Die Pläne stellten Vertreterinnen und Vertreter der Mitte-Partei, Grünen und GLP, des Arbeitnehmer-Dachverbands Travail Suisse und des überparteilichen Frauendachverbands Alliance F am Donnerstag in Bern den Medien vor. Nach ihren Angaben sind im künftigen Initiativkomitee sechs Parteien und die Zivilgesellschaft vertreten.
«Betriebswirtschaftliche Überlegungen»
Die Schweiz brauche mehr Kinder, mehr Fachkräfte und starke KMU-Betriebe, sagte der Schwyzer Mitte-Nationalrat Dominik Blunschy. Grosse Firmen gewährten bereits heute mehr Elternzeit als vorgeschrieben. «Aus betriebswirtschaftlichen Überlegungen, nicht aus sozialen.»
Bis 2030 fehlten der Schweiz gemäss Zahlen der Arbeitgebenden eine halbe Million Fachkräfte, so Blunschy. KMU-Betriebe brauchten gleich lange Spiesse, weil sie sich längere Familienzeit oft nicht leisten könnten, setzte der Aargauer Unternehmer Philippe Kühni hinzu. Und am grössten sei der Fachkräftemangel bei kleinen Firmen auf dem Land.
Eine paritätisch aufgeteilte Elternzeit ermögliche es Frauen, nach einer Geburt schneller und mit höherem Pensum in den Arbeitsmarkt zurückzukehren, hielt Grünen-Parteipräsidentin Lisa Mazzone fest. Für Väter schaffe sie ein neues Recht und sorge dafür, dass Kinderbetreuung und Hausarbeit auch Männersache werde.
Je 18 Wochen
Die Allianz will, dass Väter und Mütter je Anrecht auf 18 Wochen Elternzeit haben, die grundsätzlich nacheinander bezogen werden muss und die den heutigen Mutter- und Vaterschaftsurlaub ersetzen. Bis zu vier Wochen sollen gleichzeitig bezogen werden können. Für tiefe Einkommen soll die Entschädigung bei hundert Prozent des Salärs liegen.

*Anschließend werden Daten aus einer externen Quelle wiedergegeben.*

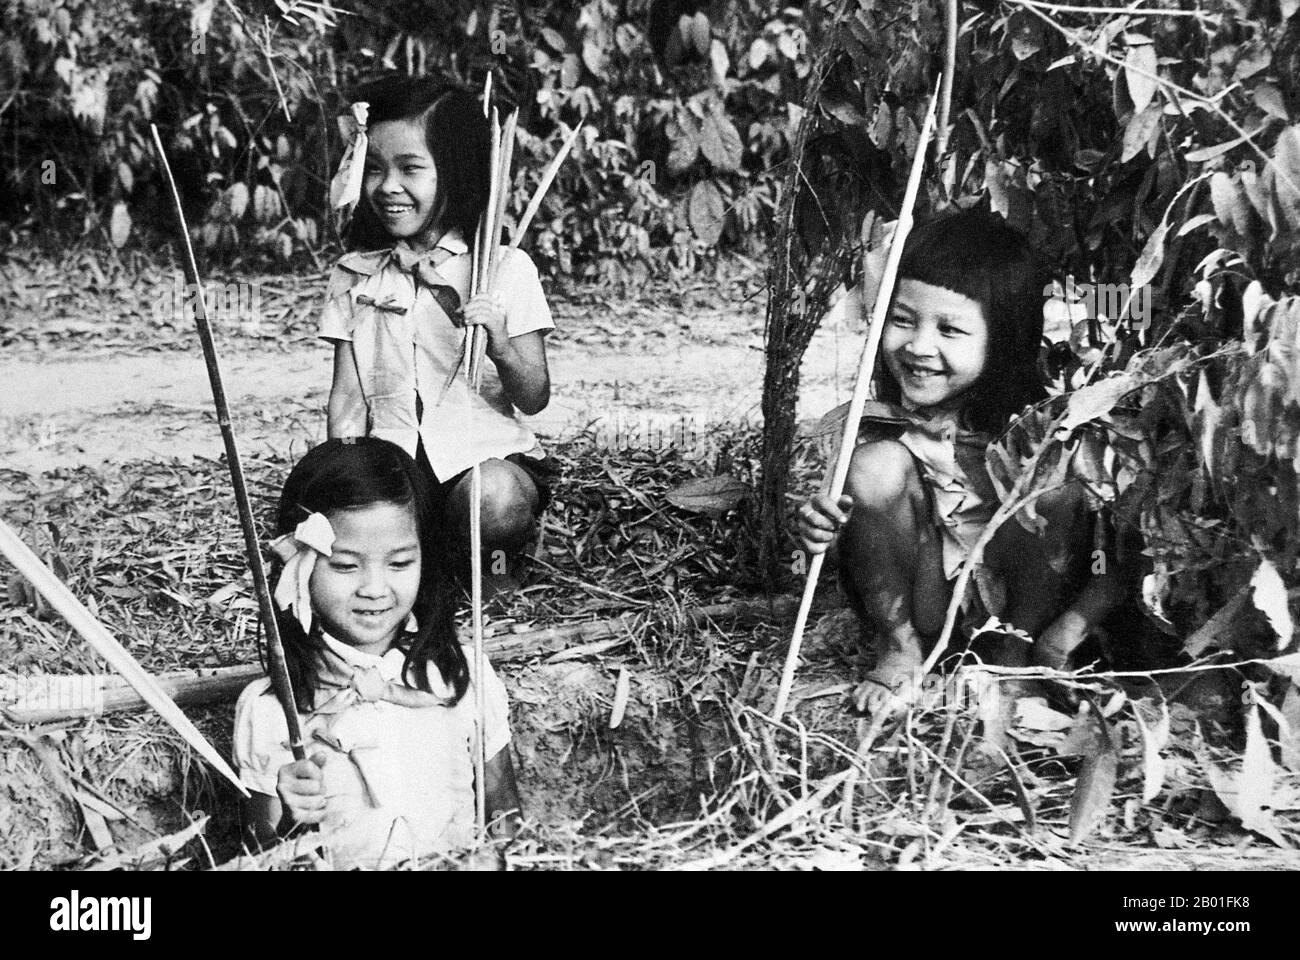 Vietnam: Vietnamese children making panji bamboo traps at Cu Chi, 1968.  The Second Indochina War, known in America as the Vietnam War, was a Cold War era military conflict that occurred in Vietnam, Laos, and Cambodia from 1 November 1955 to the fall of Saigon on 30 April 1975. This war followed the First Indochina War and was fought between North Vietnam, supported by its communist allies, and the government of South Vietnam, supported by the U.S. and other anti-communist nations. The U.S. government viewed involvement in the war as a way to prevent a communist takeover of South Vietnam. Stock Photo

Finanziert werden soll die Elternzeit aus der Erwerbsersatzordnung. Die Lohnbeiträge müssten um 0,25 Prozentpunkte auf 0,75 Prozent erhöht werden, rechnete Kathrin Bertschy vor, Berner GLP-Nationalrätin und Co-Präsidentin von Alliance F. Gemäss einer Ecoplan-Studie sei mit Kosten von rund einer Milliarde Franken im Jahr zu rechnen.
Doch diese Investition in die Vereinbarkeit lohne sich, sagte Bertschy. Denn gemäss der Studie würden bei 80'000 Geburten im Jahr jährlich 2200 bis 2500 Vollzeitbeschäftigte mehr in den Arbeitsmarkt kommen. «Das sind Mütter.» Damit verbessere sich auch die wirtschaftliche Situation der Frauen.
Bei mittlerweile siebzig Prozent aller Geburten werde eine Vaterschaftsentschädigung ausgerichtet, sagte Adrian Wüthrich, Präsident von Travail Suisse und ehemaliger SP-Nationalrat. Zusätzliche Familienzeit für Väter sei wichtig, und die Möglichkeit dafür werde breit genutzt.
Vorstösse und Initiativen
Die Forderung nach einem entschädigten Elternurlaub für Väter und Mütter steht seit Jahren im Raum. Erwerbstätige Mütter erhalten während 14 Wochen eine Mutterschaftsentschädigung. 2020 hiess das Schweizer Stimmvolk zwei Wochen Vaterschaftsurlaub gut; dieser wurde Anfang 2021 eingeführt.
Auslöser für diese Abstimmung war eine Initiative für vier Wochen Vaterschaftsurlaub, mit Erwerbsersatz. Im Parlament setzte sich dann der indirekte Gegenvorschlag für zwei Wochen durch.
Vorstösse und Initiativen für einen Ausbau der Elternzeit gab es in den vergangenen Jahren mehrfach. Als bisher einziger Kanton befürwortete Genf im Juni 2023 einen 24-wöchigen Elternurlaub. Einführen darf Genf diesen aber nicht, weil der Bundesrat findet, dass die Finanzierung nicht mit dem Bundesrecht vereinbar ist.
Das Thurgauer Parlament hingegen lehnte im vergangenen Mai ein Standesbegehren für eine Elternzeit von mindestens zwanzig Wochen auf Bundesebene ab. Der Kanton Bern sagte im Juni 2023 Nein zu einer 24-wöchigen Elternzeit-Initiative. Und in Zürich hatte im Mai 2022 eine Initiative für 36 Wochen Elternzeit an der Urne keine Chance.